By Heather Somerville and Paul Lienert
SAN FRANCISCO/DETROIT (Reuters) - Ride services company Lyft Inc is poised to take advantage of a surge of investor interest in the transportation service sector as it closes in on a possible sale of the company or new capital raise, people familiar with the situation said.
Venture capitalists and corporate investors have poured nearly $28 billion into the ride services sector over the past decade, propelling growth at Lyft, China's Didi Chuxing Technology Co and Uber Technologies Inc [UBER.UL], according to a Reuters analysis.
Lyft has been working for about a year with Silicon Valley investment bank Qatalyst Partners, people familiar with the matter said. Lyft has used the firm to look at acquisition offers, investments, fundraising and partnership deals.
Founded by Frank Quattrone, Qatalyst is best known for helping technology companies find buyers. It had advised LinkedIn Corp <LNKD.N> on its sale to Microsoft Corp <MSFT.O>.
While it is not certain if Lyft will proceed with a deal, people familiar with the situation said General Motors Co <GM.N> and Didi Chuxing, which already have investments in Lyft, could expand their stakes in the San Francisco-based startup.

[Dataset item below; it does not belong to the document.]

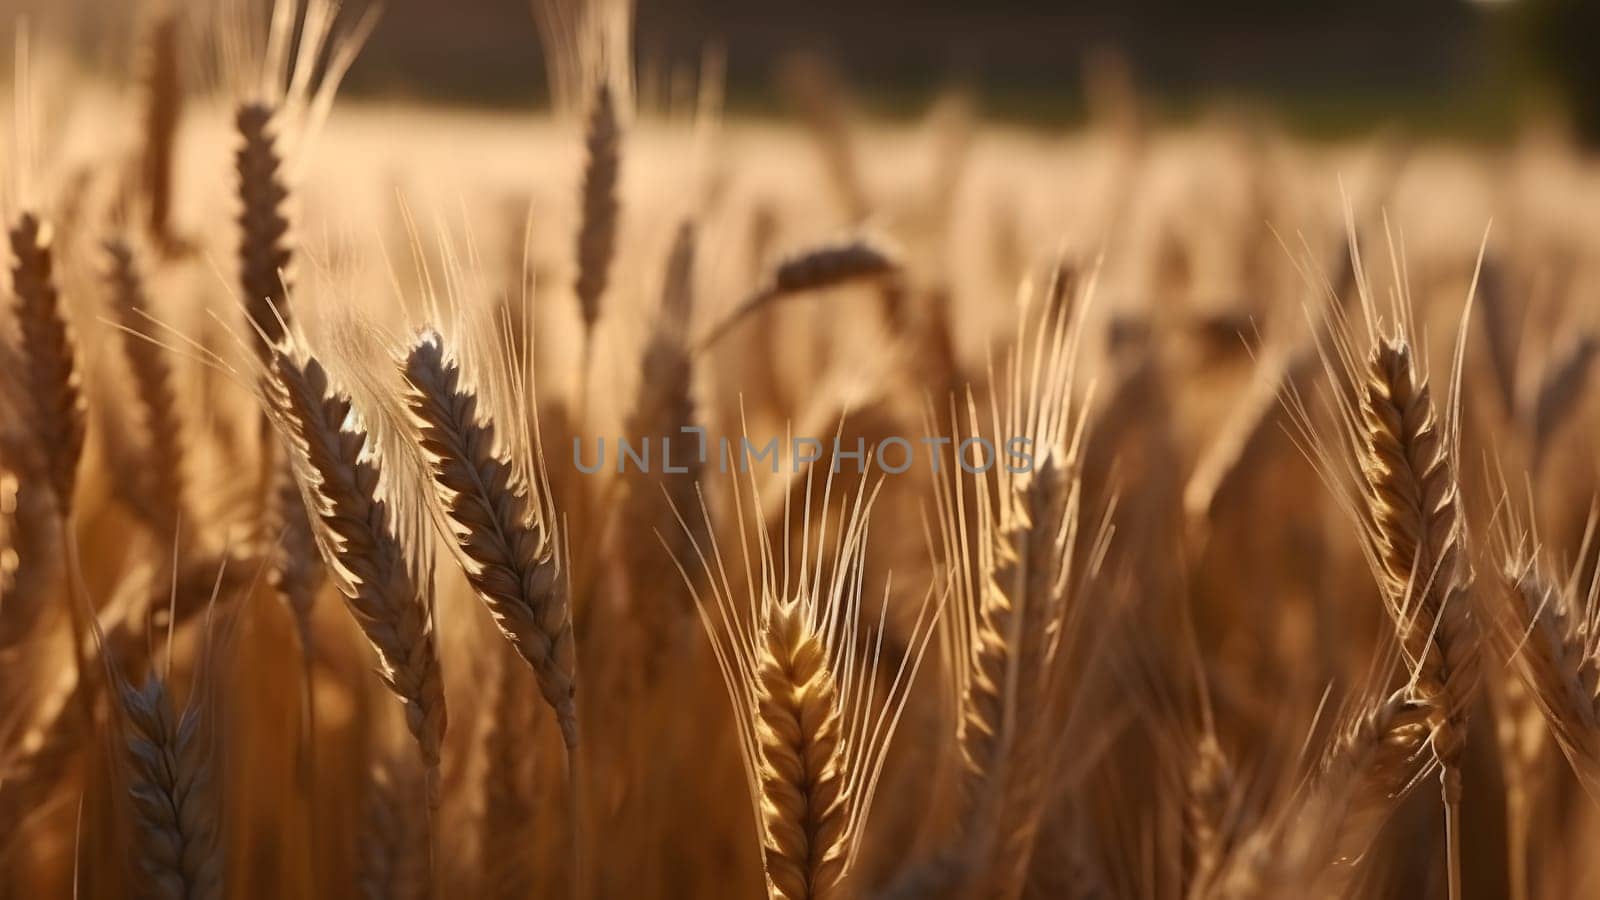 Spikes of ripe wheat at sunny day, close-up with selective focus, neural network generated image by z1b

One Didi investor said any role the Chinese ride service played in a Lyft deal would likely be in coordination with a large automaker, rather than on its own. The investor did not want to be identified.
A Lyft spokeswoman declined to comment on whether any investment talks were going on, or on the relationship with Qatalyst, which was previously reported by the Wall Street Journal.
GM, the third-largest global automaker by vehicle sales, reaffirmed its commitment to expanding services with Lyft, but did not comment on potential future investments. GM invested $500 million in Lyft earlier this year.
Didi has declined to comment. The company, which is battling Uber in the Chinese market, said in June that it had raised $7.3 billion in new funding, including $1 billion from Apple Inc <AAPL.O>.
INVESTING IN RIDE SERVICES
Lyft's capital raising efforts come as an array of deep-pocketed players - from big auto makers to Saudi Arabia's Public Investment Fund - are betting billions of dollars that selling transportation services a ride at a time will become a profitable, global business.
More than 70 percent of the $38 billion invested in all transportation-related startups during the past decade, including autonomous driving technology companies, has gone into ride services companies, according to the Reuters analysis of venture investments in more than 500 mobility-related startups over the past decade. The analysis was based on publicly available data on investments, as compiled by Crunchbase, CB Insights and other sources, including the companies.
San Francisco-based Uber is valued at around $62.5 billion, Beijing-based Didi at around $25 billion and Lyft at around $5.5 billion. By comparison, GM, which reported a record $9.7 billion profit in 2015, is valued at $43 billion.
Uber says it is profitable in the United States and Canada and about 100 cities globally, but is losing more than $1 billion a year in China.
Privately held Lyft is not profitable but is projecting $1.9 billion gross annual revenue based on bookings in May, according to a source familiar with the matter.
Initially, ride services startups relied on venture capital. Established automakers have recently put more of the cash they earned from booming vehicle sales into the ride services sector.
In addition to GM's investment in Lyft, Volkswagen AG <VOWG_p.DE> invested $300 million in Gett, and Toyota Motor Corp <7203.T> invested an undisclosed amount in Uber.
GM is working with Lyft to develop new services, such as a program called Express Drive, that allows drivers to rent a GM vehicle and use it to earn money providing rides.
The larger goal of the partnership is to use GM's manufacturing prowess and Lyft's network of more than 315,000 drivers to build a network of electric and eventually autonomous cars that generate revenue most of the day, instead of sitting idle in owners' driveways.
GM President Dan Ammann last month outlined the strategy to tie together GM's investment in Lyft and its acquisition of autonomous vehicle technology startup Cruise Automation, which industry sources estimate could cost up to $1.2 billion.
Ammann and Lyft President and Co-founder John Zimmer will appear together a technology event in Aspen, Colorado next month.
"We are making excellent progress in executing the key initiatives in our previously announced strategic alliance with Lyft, including implementing the Express Drive short-term vehicle rental program and working toward deploying autonomous vehicles into an on-demand network," GM said in a statement. Corporate investments in ride services and other mobility-related startups are likely to escalate, said Evangelos Simoudis, whose firm Synapse Partners advises large companies on how to adapt innovation strategies from entrepreneurs.
"Corporations recognize the high risk of being disrupted by technology startups," Simoudis said. In turn, "Silicon Valley sees transportation as a stagnant industry in need of transformation."